_Assignment_.
When you reproduce these records, keep every word exactly and drop the images.

_Supplied entries_.

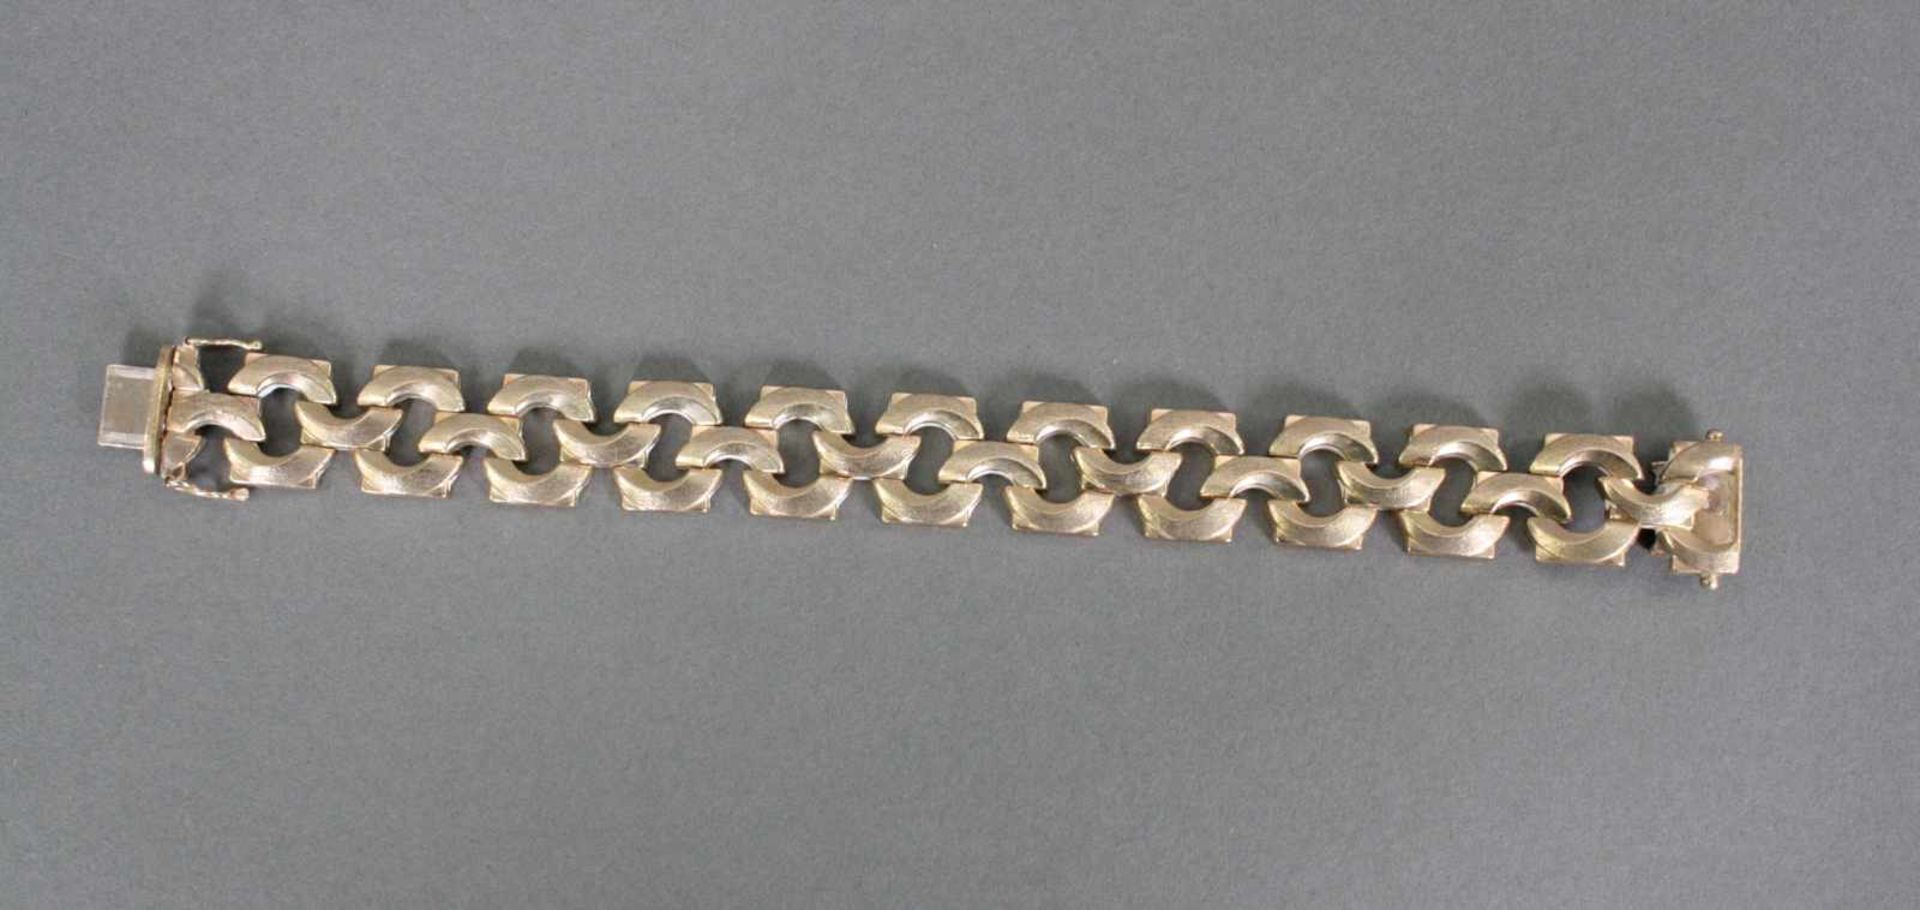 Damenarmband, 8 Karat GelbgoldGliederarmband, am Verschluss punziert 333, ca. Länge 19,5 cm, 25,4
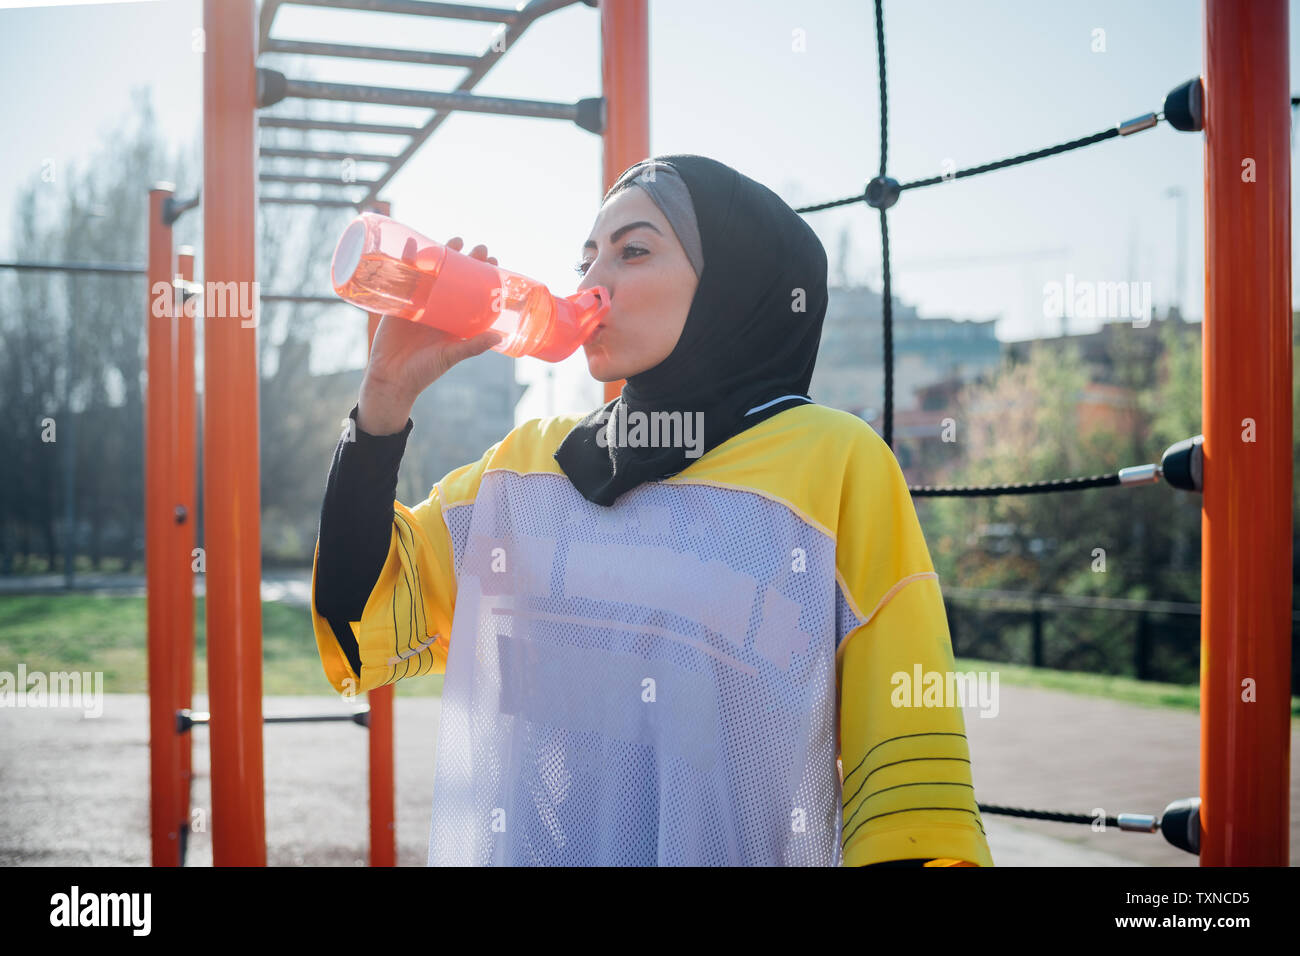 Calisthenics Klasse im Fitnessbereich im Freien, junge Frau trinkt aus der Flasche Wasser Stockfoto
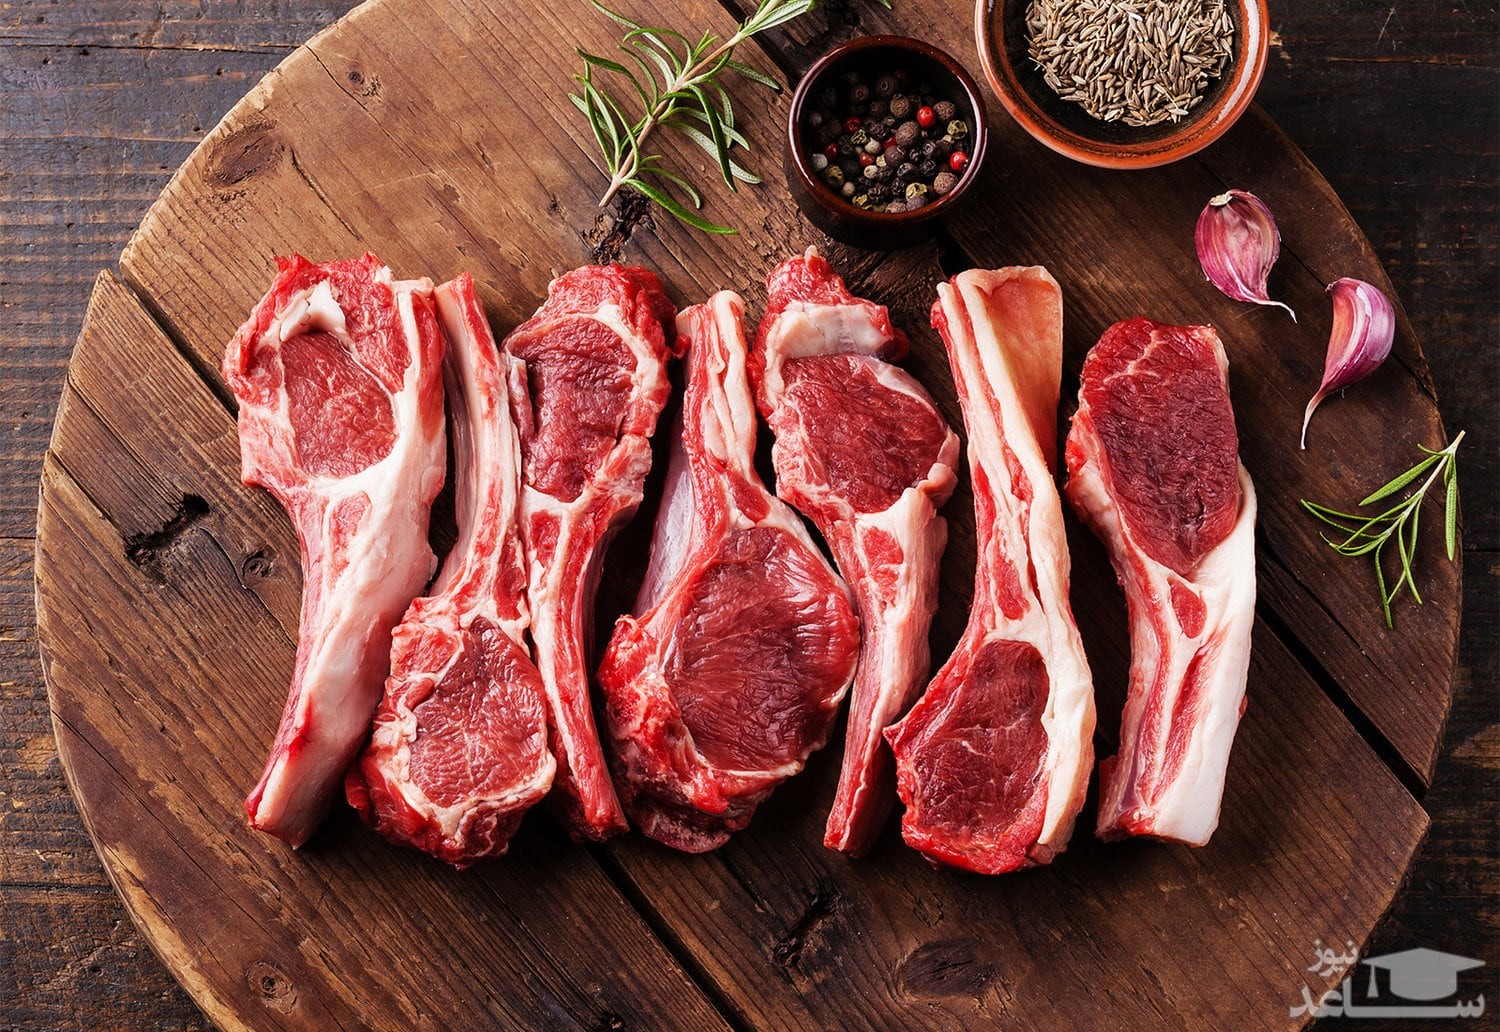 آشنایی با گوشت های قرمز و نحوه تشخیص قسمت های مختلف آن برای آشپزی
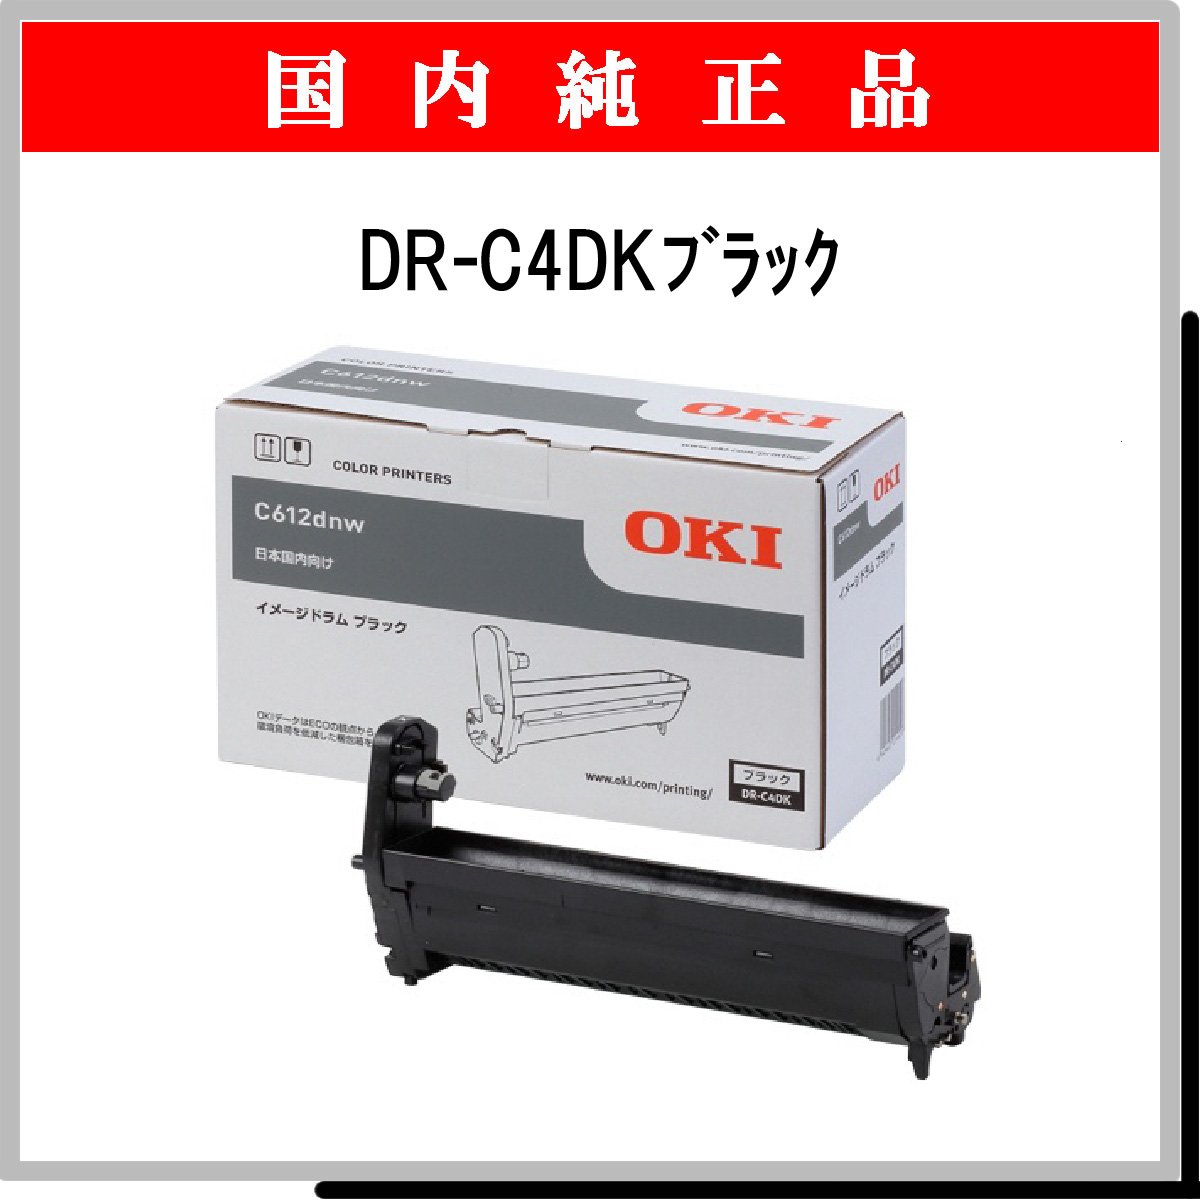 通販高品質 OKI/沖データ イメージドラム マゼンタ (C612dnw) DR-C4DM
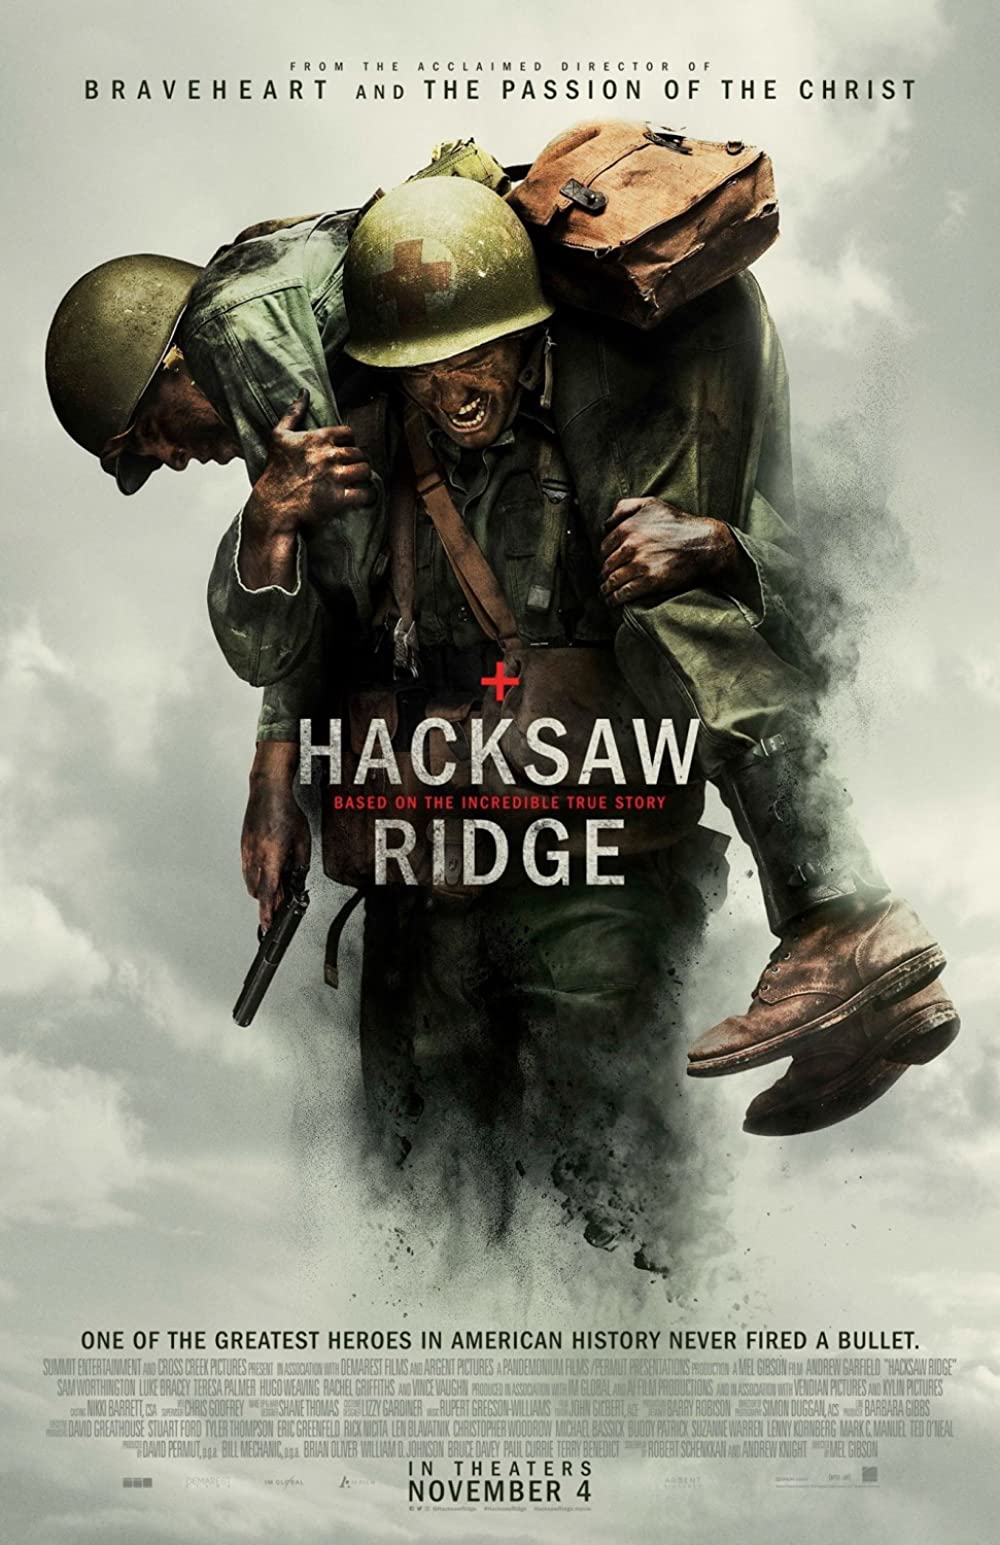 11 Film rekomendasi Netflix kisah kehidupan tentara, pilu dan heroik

_Your solution_.
 Damenarmband, 8 Karat GelbgoldGliederarmband, am Verschluss punziert 333, ca. Länge 19,5 cm, 25,4
 Calisthenics Klasse im Fitnessbereich im Freien, junge Frau trinkt aus der Flasche Wasser Stockfoto
 آشنایی با گوشت های قرمز و نحوه تشخیص قسمت های مختلف آن برای آشپزی
 通販高品質 OKI/沖データ イメージドラム マゼンタ (C612dnw) DR-C4DM
 11 Film rekomendasi Netflix kisah kehidupan tentara, pilu dan heroik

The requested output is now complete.